Памяти А. И. О‹доевско›го
1
Я знал его: мы странствовали с ним В горах востока, и тоску изгнанья Делили дружно; но к полям родным Вернулся я, и время испытанья Промчалося законной чередой; А он не дождался минуты сладкой: Под бедною походною палаткой Болезнь его сразила, и с собой В могилу он унес летучий рой Еще незрелых, темных вдохновений, Обманутых надежд и горьких сожалений!
2
Он был рожден для них, для тех надежд, Поэзии и счастья… Но, безумный – Из детских рано вырвался одежд И сердце бросил в море жизни шумной, И свет не пощадил – и Бог не спас! Но до конца среди волнений трудных, В толпе людской и средь пустынь безлюдных В нем тихий пламень чувства не угас: Он сохранил и блеск лазурных глаз, И звонкий детский смех, и речь живую, И веру гордую в людей и жизнь иную.
3
Но он погиб далеко от друзей… Мир сердцу твоему, мой милый Саша! Покрытое землей чужих полей, Пусть тихо спит оно, как дружба наша В немом кладбище памяти моей! Ты умер, как и многие, без шума, Но с твердостью.
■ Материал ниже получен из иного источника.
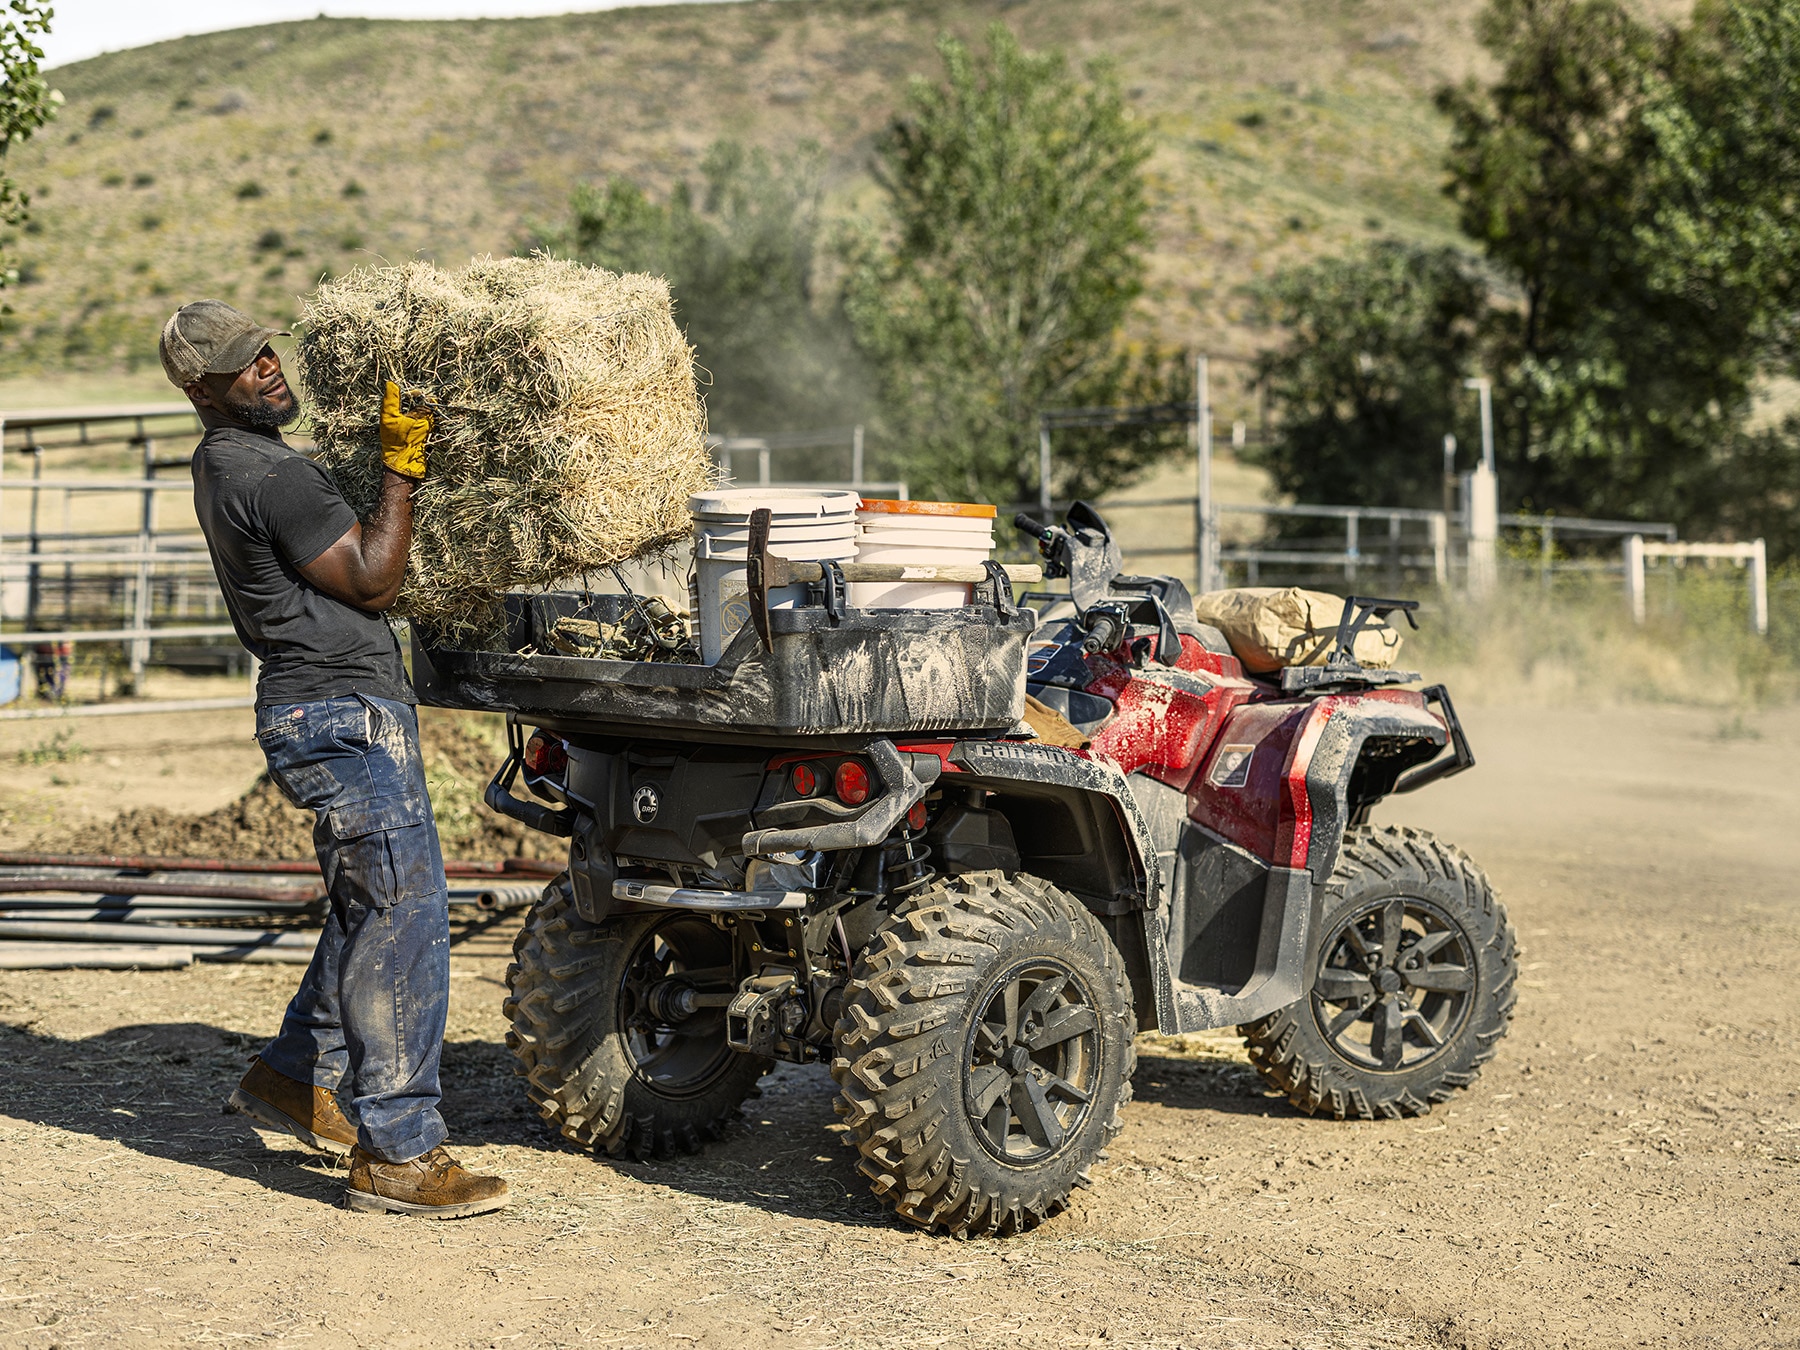 Man unloading a bale of hay from his Can-Am Outlander ATV

Таинственная дума Еще блуждала на челе твоем, Когда глаза закрылись вечным сном; И то, что ты сказал перед кончиной, Из слушавших тебя не понял ни единый…
4
И было ль то привет стране родной, Названье ли оставленного друга, Или тоска по жизни молодой, Иль просто крик последнего недуга, Кто скажет нам?.. Твоих последних слов Глубокое и горькое значенье Потеряно… Дела твои, и мненья, И думы, всё исчезло без следов, Как легкий пар вечерних облаков: Едва блеснут, их ветер вновь уносит; Куда они? зачем? откуда? – кто их спросит…
5
И после их на небе нет следа, Как от любви ребенка безнадежной, Как от мечты, которой никогда Он не вверял заботам дружбы нежной… Что за нужда? Пускай забудет свет Столь чуждое ему существованье: Зачем тебе венцы его вниманья И терния пустых его клевет? Ты не служил ему. Ты с юных лет Коварные его отвергнул цепи: Любил ты моря шум, молчанье синей степи –
6
И мрачных гор зубчатые хребты… И вкруг твоей могилы неизвестной Всё, чем при жизни радовался ты, Судьба соединила так чудесно: Немая степь синеет, и венцом Серебряным Кавказ ее объемлет; Над морем он, нахмурясь, тихо дремлет, Как великан, склонившись над щитом, Рассказам волн кочующих внимая, А море Черное шумит не умолкая.